| HOW TO COMPLETE THIS TASK |
Leaving the pictures aside, write out the whole listing below exactly.

| STORED DATA |
---------------
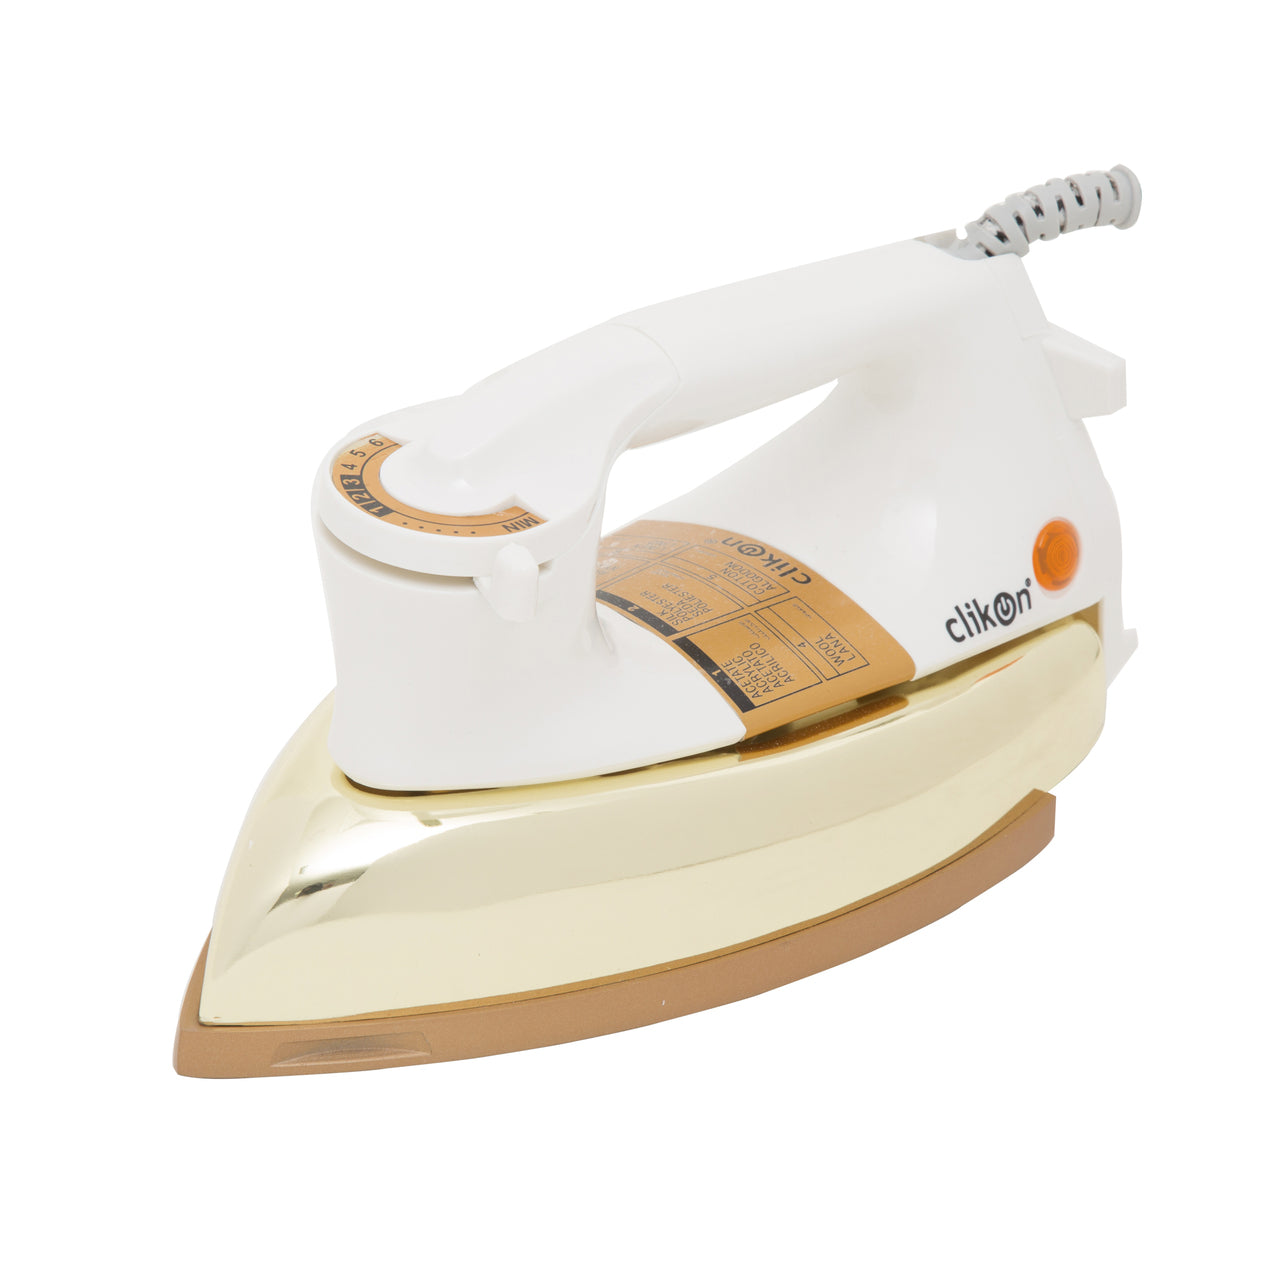 Clikon Heavy Electric Iron 1200W | reliable performance | lightweight | variable steam settings | safety features | stylish | even heat distribution | Halabh.com
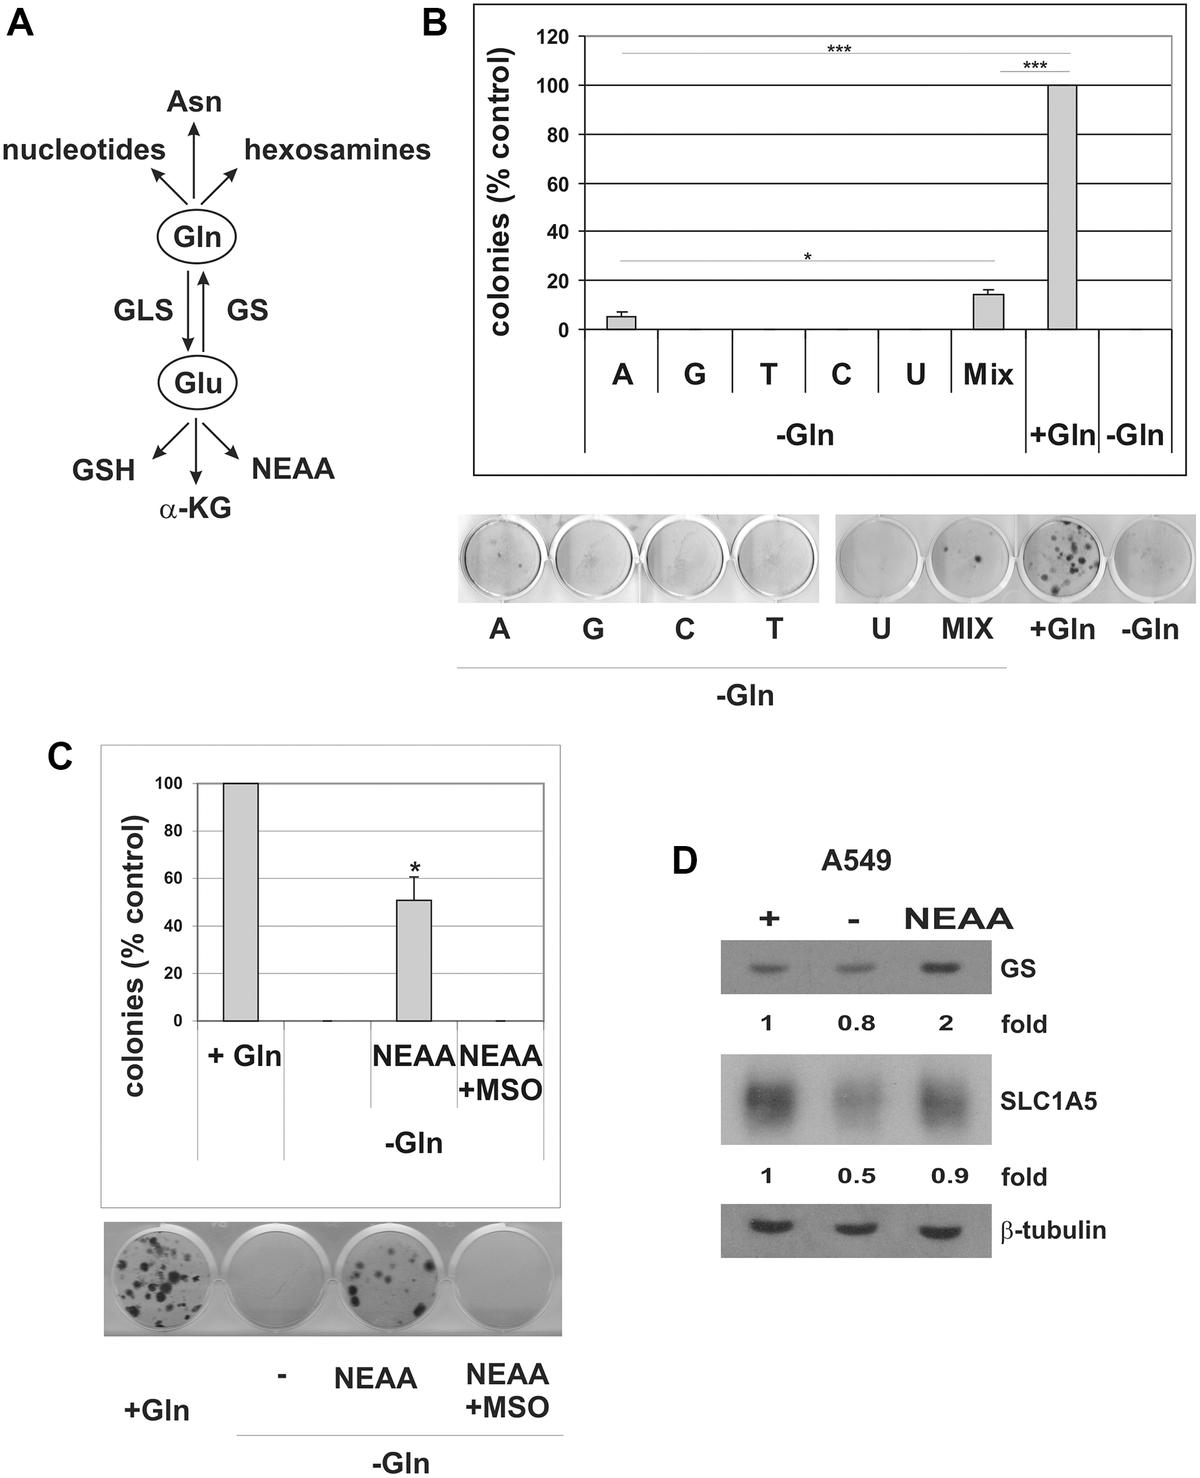 Nucleosides and NEAA restore escape from TIS in Gln-deprived conditions. (A) Schematic overview of glutamine usage in cancer cells. Gln glutamine, Glu glutamate, Asn asparagine, GSH glutathione, α-KG alpha-ketoglutaric acid, NEAA non-essential amino acids, GLS glutaminase, GS Glutamine synthetase. (B) Doxorubicin-induced senescent A549 cells were grown with (+Gln) or without (−Gln) glutamine in medium containing 0.1 mM each adenosine, guanosine, cytidine, thymidine, uridine, or in combination (Mix, 0.1 mM each). Colonies that evaded the senescent growth arrest were stained and counted. The data shown here represent three experiments exhibiting similar effects. A representative image of the colony escape assay is shown. (C) Doxorubicin-induced senescent A549 cells were grown with (+Gln), or without (−Gln) glutamine plus NEAA, in the presence or in the absence of 2 mM MSO. Colonies that evaded the senescent growth arrest were stained and counted. The data shown here represent three experiments exhibiting similar effects. A representative image of the colony escape assay is shown. (D) Expression of GS and SLC1A5 proteins was analyzed in parental A549 cells, grown with (+) or without (−) glutamine or without glutamine plus NEAA (NEAA) for 72 hours. Filters were stripped and reprobed with anti-β-tubulin antibodies as a loading control. GS and SLC1A5 levels, normalized to the relative β-tubulin levels, are reported as fold change of Gln-supplemented sample.
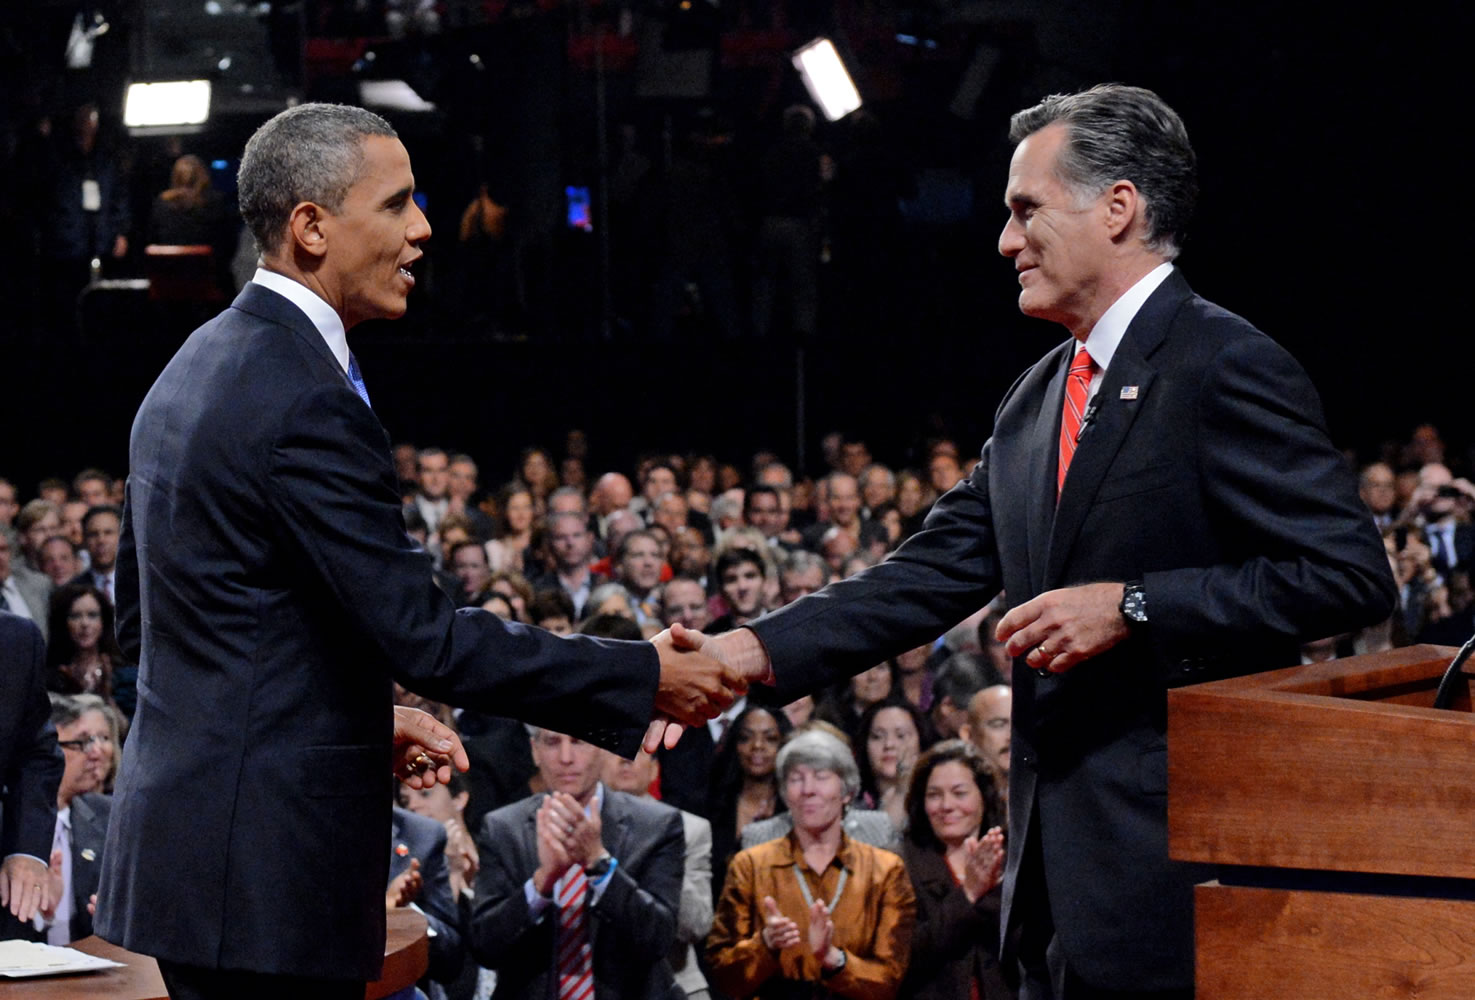 President Barack Obama shakes hands with Republican presidential nominee Mitt Romney after the first presidential debate at the University of Denver, Wednesday in Denver.
---------------
| TASK ANSWER |
 Clikon Heavy Electric Iron 1200W | reliable performance | lightweight | variable steam settings | safety features | stylish | even heat distribution | Halabh.com
 Nucleosides and NEAA restore escape from TIS in Gln-deprived conditions. (A) Schematic overview of glutamine usage in cancer cells. Gln glutamine, Glu glutamate, Asn asparagine, GSH glutathione, α-KG alpha-ketoglutaric acid, NEAA non-essential amino acids, GLS glutaminase, GS Glutamine synthetase. (B) Doxorubicin-induced senescent A549 cells were grown with (+Gln) or without (−Gln) glutamine in medium containing 0.1 mM each adenosine, guanosine, cytidine, thymidine, uridine, or in combination (Mix, 0.1 mM each). Colonies that evaded the senescent growth arrest were stained and counted. The data shown here represent three experiments exhibiting similar effects. A representative image of the colony escape assay is shown. (C) Doxorubicin-induced senescent A549 cells were grown with (+Gln), or without (−Gln) glutamine plus NEAA, in the presence or in the absence of 2 mM MSO. Colonies that evaded the senescent growth arrest were stained and counted. The data shown here represent three experiments exhibiting similar effects. A representative image of the colony escape assay is shown. (D) Expression of GS and SLC1A5 proteins was analyzed in parental A549 cells, grown with (+) or without (−) glutamine or without glutamine plus NEAA (NEAA) for 72 hours. Filters were stripped and reprobed with anti-β-tubulin antibodies as a loading control. GS and SLC1A5 levels, normalized to the relative β-tubulin levels, are reported as fold change of Gln-supplemented sample.
 President Barack Obama shakes hands with Republican presidential nominee Mitt Romney after the first presidential debate at the University of Denver, Wednesday in Denver.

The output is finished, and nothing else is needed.